The challenge with an Australian bubble for Super Rugby would be a 14-day quarantine for everyone when they returned home. This of course would hamper the player’s preparation for the Rugby Championship and another 14 days after that.
Perhaps the best option would be to have bubbles in one city in each country.
Rebels Travel Burden
Rebels coach Dave Wessels has questioned why his side and the Force have had to carry the burden of COVID-19 restrictions so far. The Rebels will have to fly into Brisbane on Friday to prepare for that nights game against the Reds.
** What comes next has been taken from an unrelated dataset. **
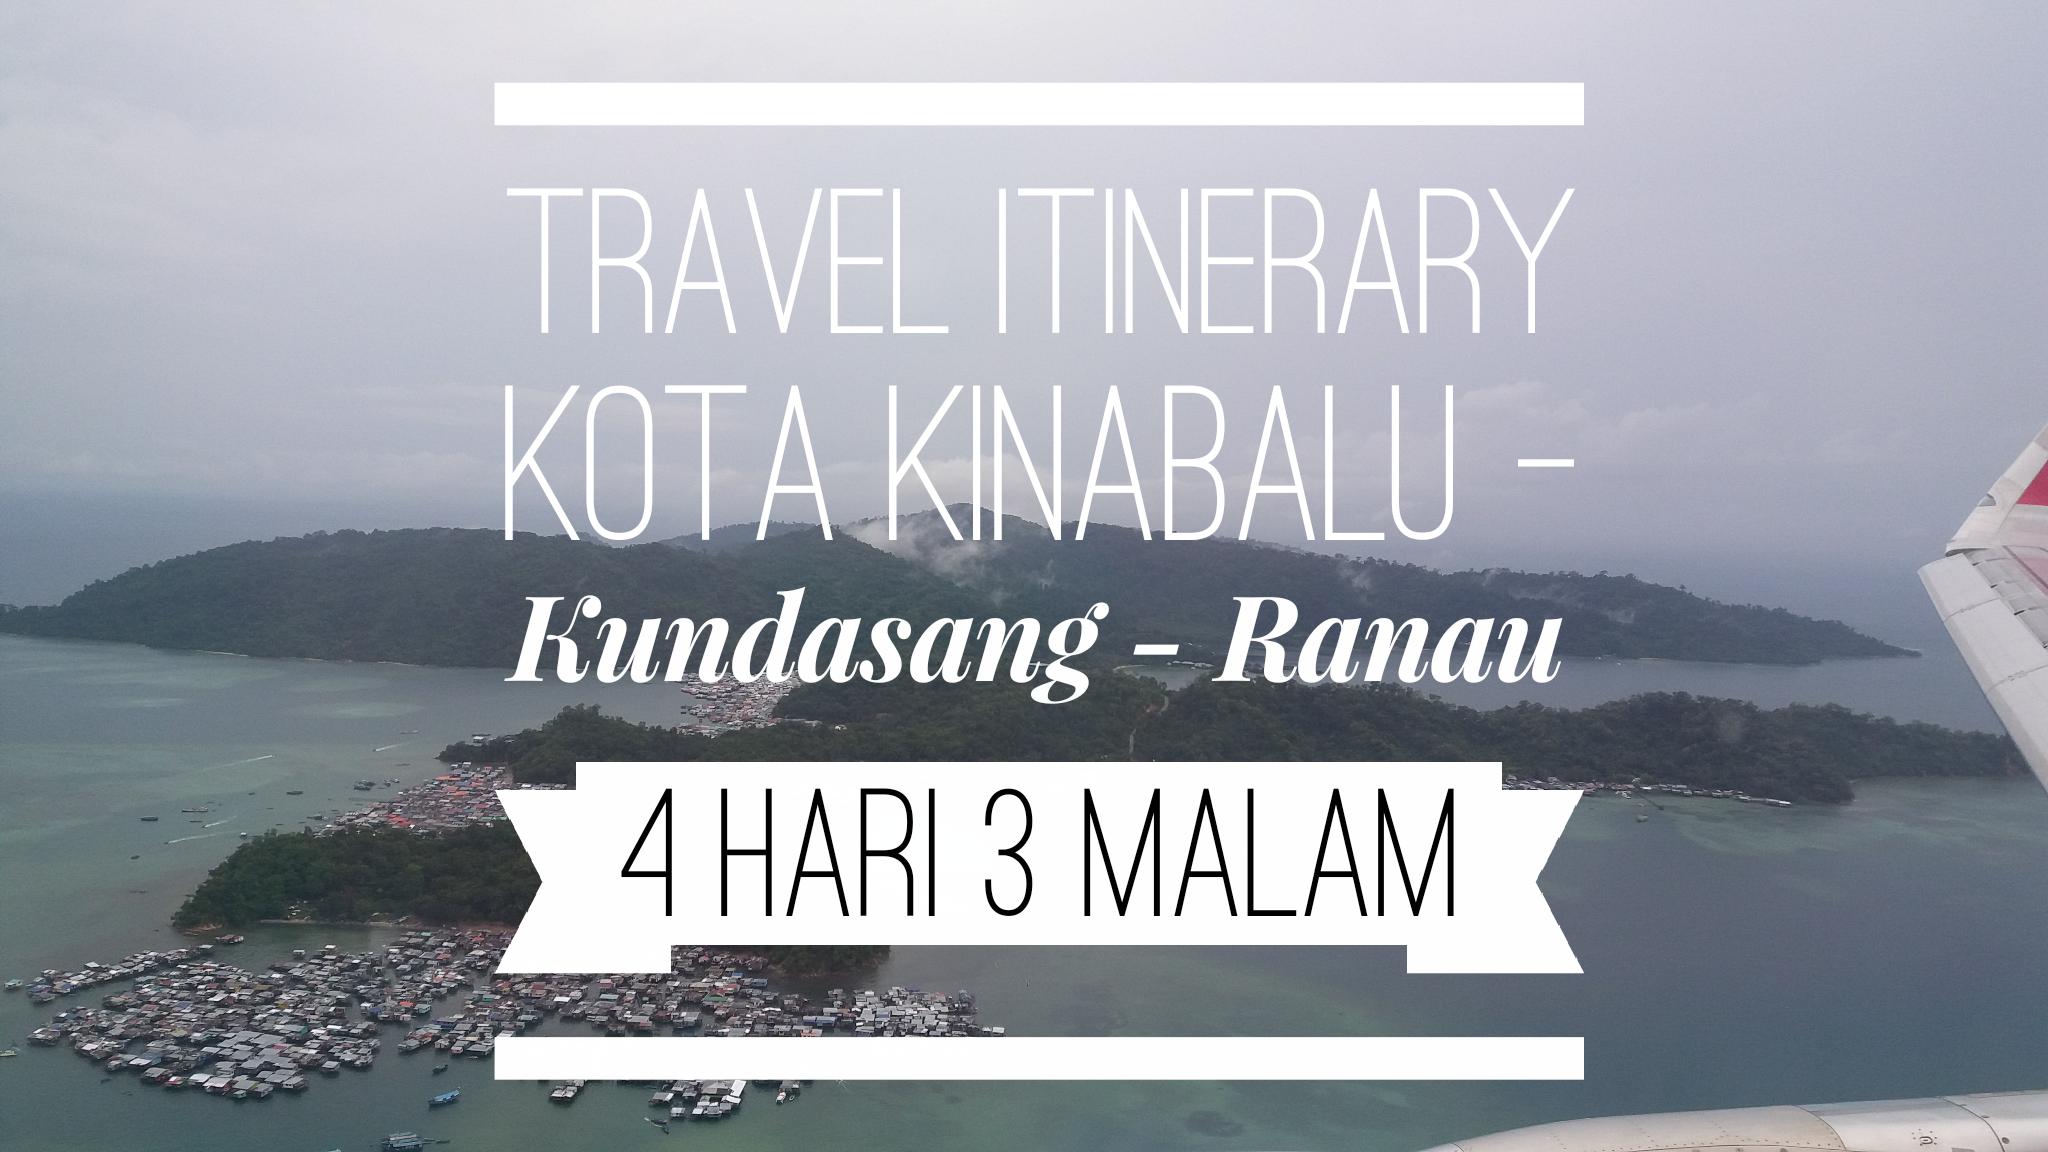 Travelog Sabah – Travel Itinerary Kota Kinabalu – Kundasang – Ranau (4 Hari 3 Malam)

The Rebels escaped the lockdown in Melbourne and the subsequent 14-day hotspot quarantine imposed on the greater Melbourne area by the Queensland government only hours before they came into force.
Interstate flights out of Melbourne had been cancelled, buses weren’t available and the Rebels players were forced to make the seven-hour road trip to Canberra in their own cars, some of them leaving so hurriedly they were unable to say their goodbyes to their wives and children.
But while their sacrifice will enable the Reds-Rebels match to proceed on Friday as scheduled — and not, alternatively, at a neutral venue at, say, a country town in NSW — the time line meant the Melbourne side couldn’t fly from Canberra to Brisbane on Thursday, which Wessels wanted to give the Rebels a chance to prepare properly.
Had they escaped Melbourne a day earlier, there would be no problem but then the Victorian government had not announced a lockdown at that stage. Still, if last season’s competition is any indicator, any team forced to fly and play on the same day almost invariably loses.
“The frustration is that if the Queensland government has an issue with the game then it should be a problem for the Queensland Reds to sort out, not the Melbourne Rebels,” Wessels said.
“The broader points is that we — and the Western Force — have been the ones who have been inconvenienced significantly by this and it is happening again. Why is everybody in the competition not sharing the load?”
The answer to that is that the hotspot occurred in Melbourne. None of that was any fault of the Rebels but they are the ones paying the price for it. It would not have been possible, for instance, to switch the Reds-Rebels match to Melbourne’s AAMI Park this week because that could have jeopardised the entire competition. Nor could the Reds have approached the Queensland government for a dispensation for the Rebels, not when Premier Anastasia Palaszczuk has imposed a uniform hard line on any relaxation of quarantine regulations, even in matters of life and death.